Data shown:
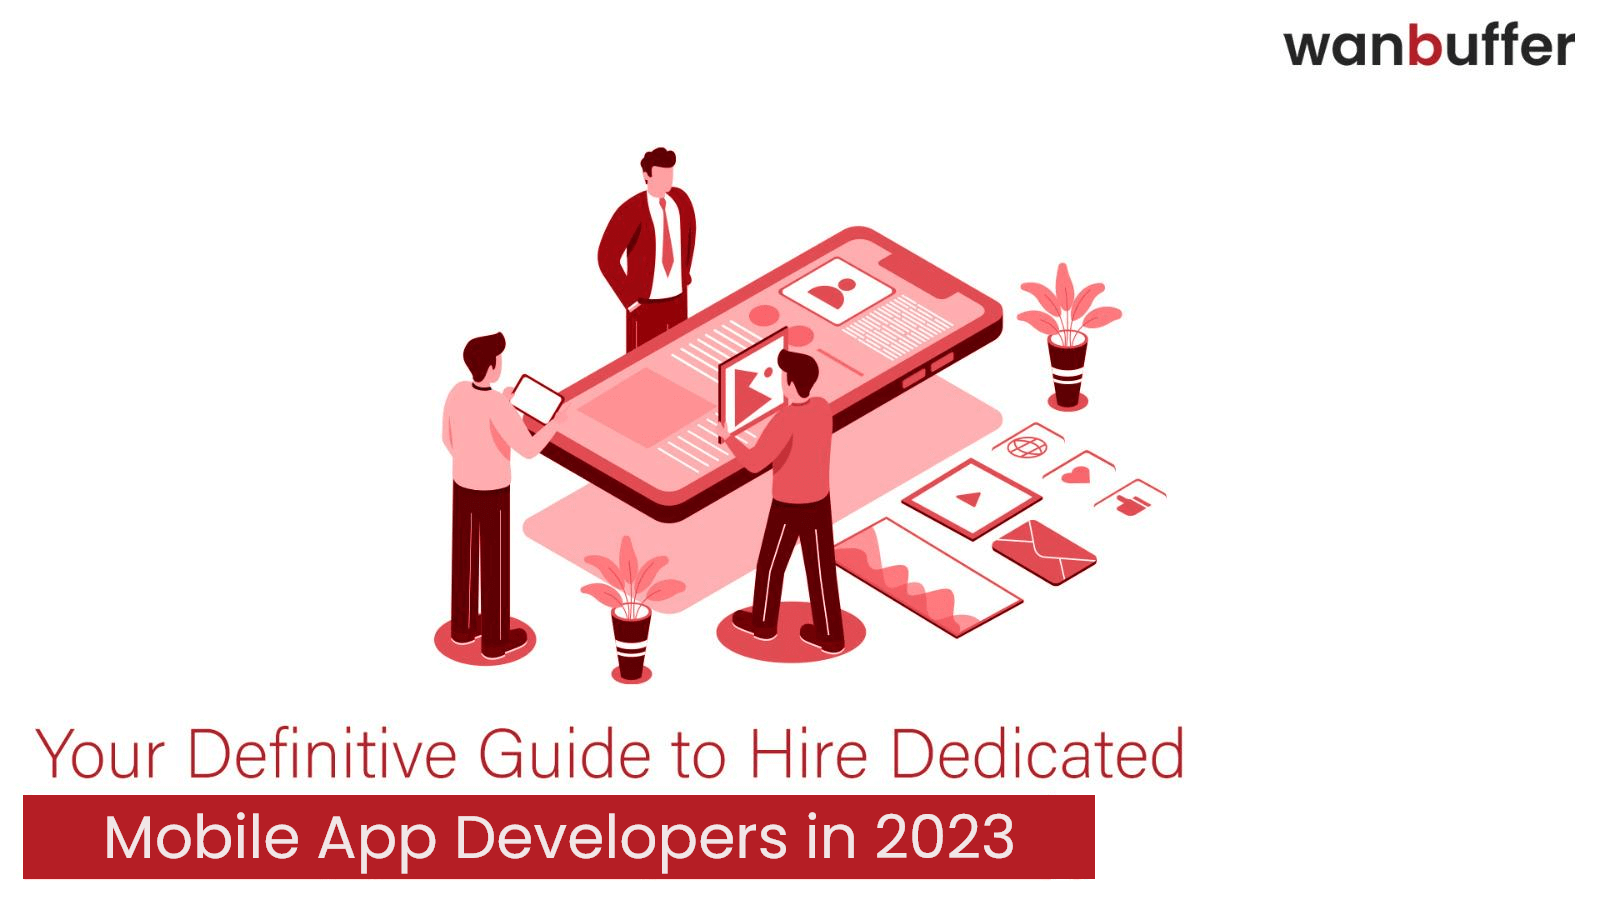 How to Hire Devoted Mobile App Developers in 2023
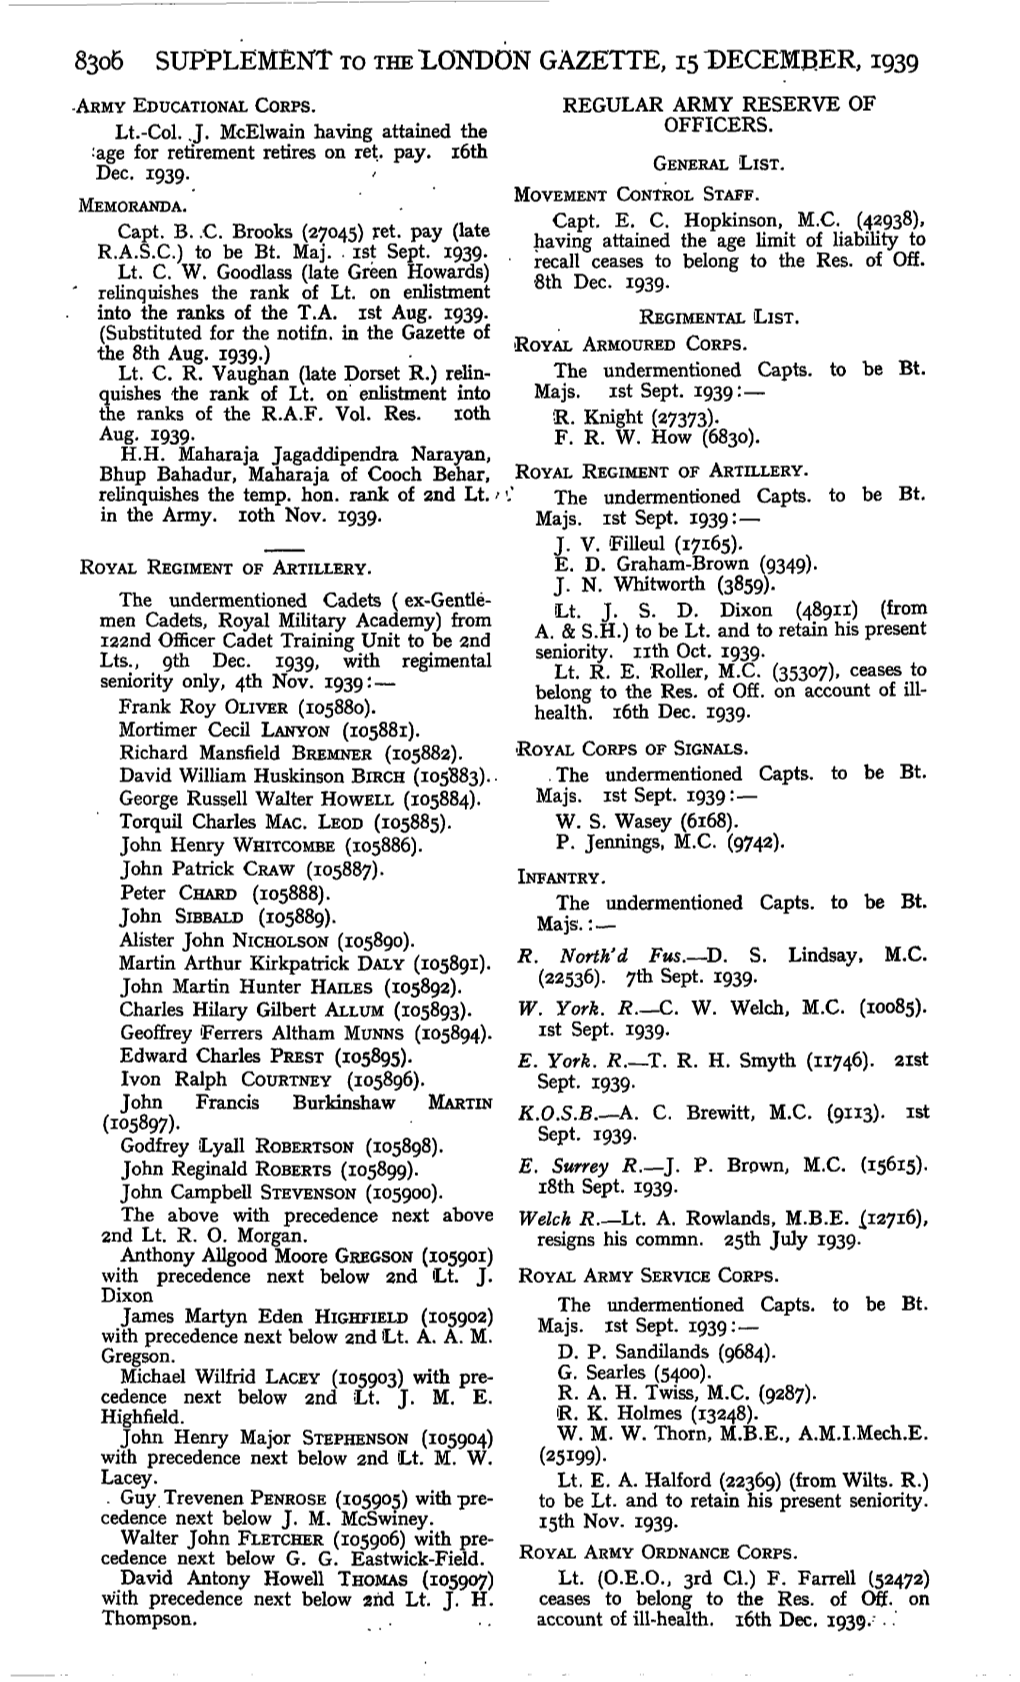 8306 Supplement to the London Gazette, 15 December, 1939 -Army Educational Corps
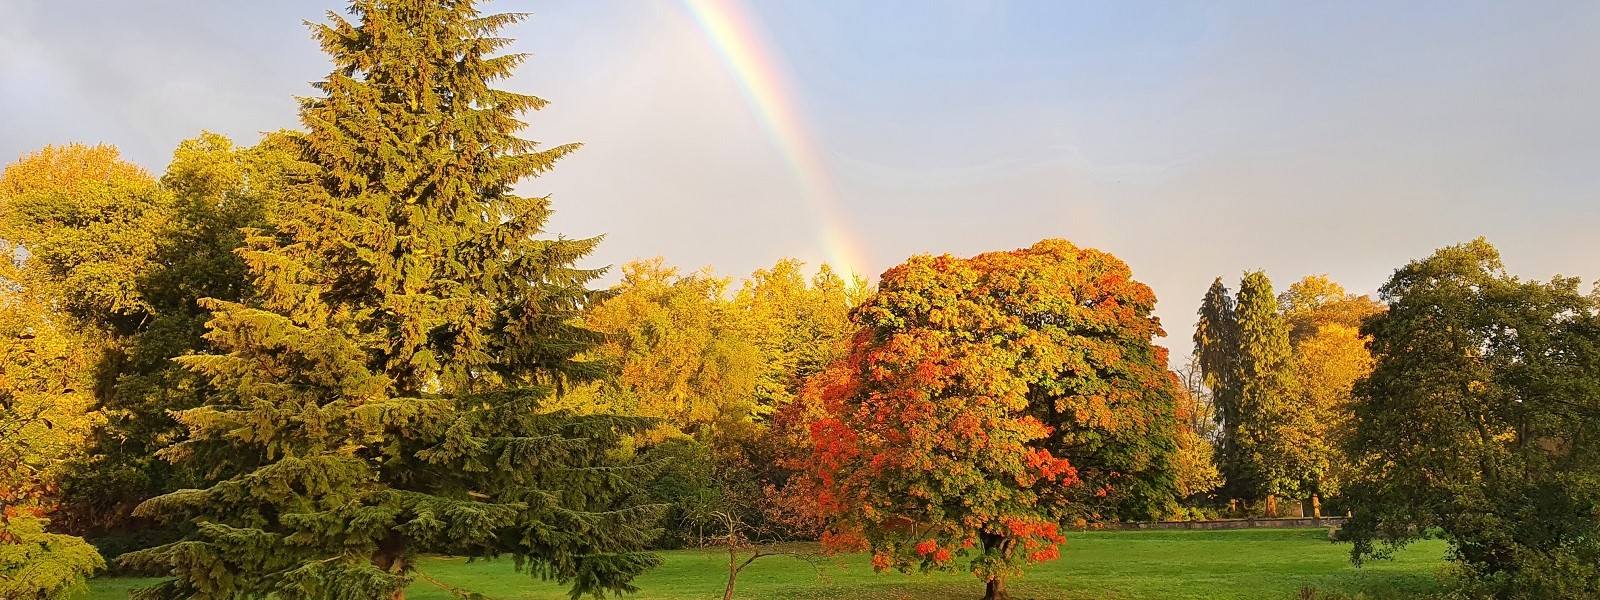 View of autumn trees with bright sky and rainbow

Problem to solve: All that the answer may contain is the exact text of the lines from the one with "8306 Supplement to" through the last line of the material, pictures excluded.

Solution to the exercise:
 8306 Supplement to the London Gazette, 15 December, 1939 -Army Educational Corps
 View of autumn trees with bright sky and rainbow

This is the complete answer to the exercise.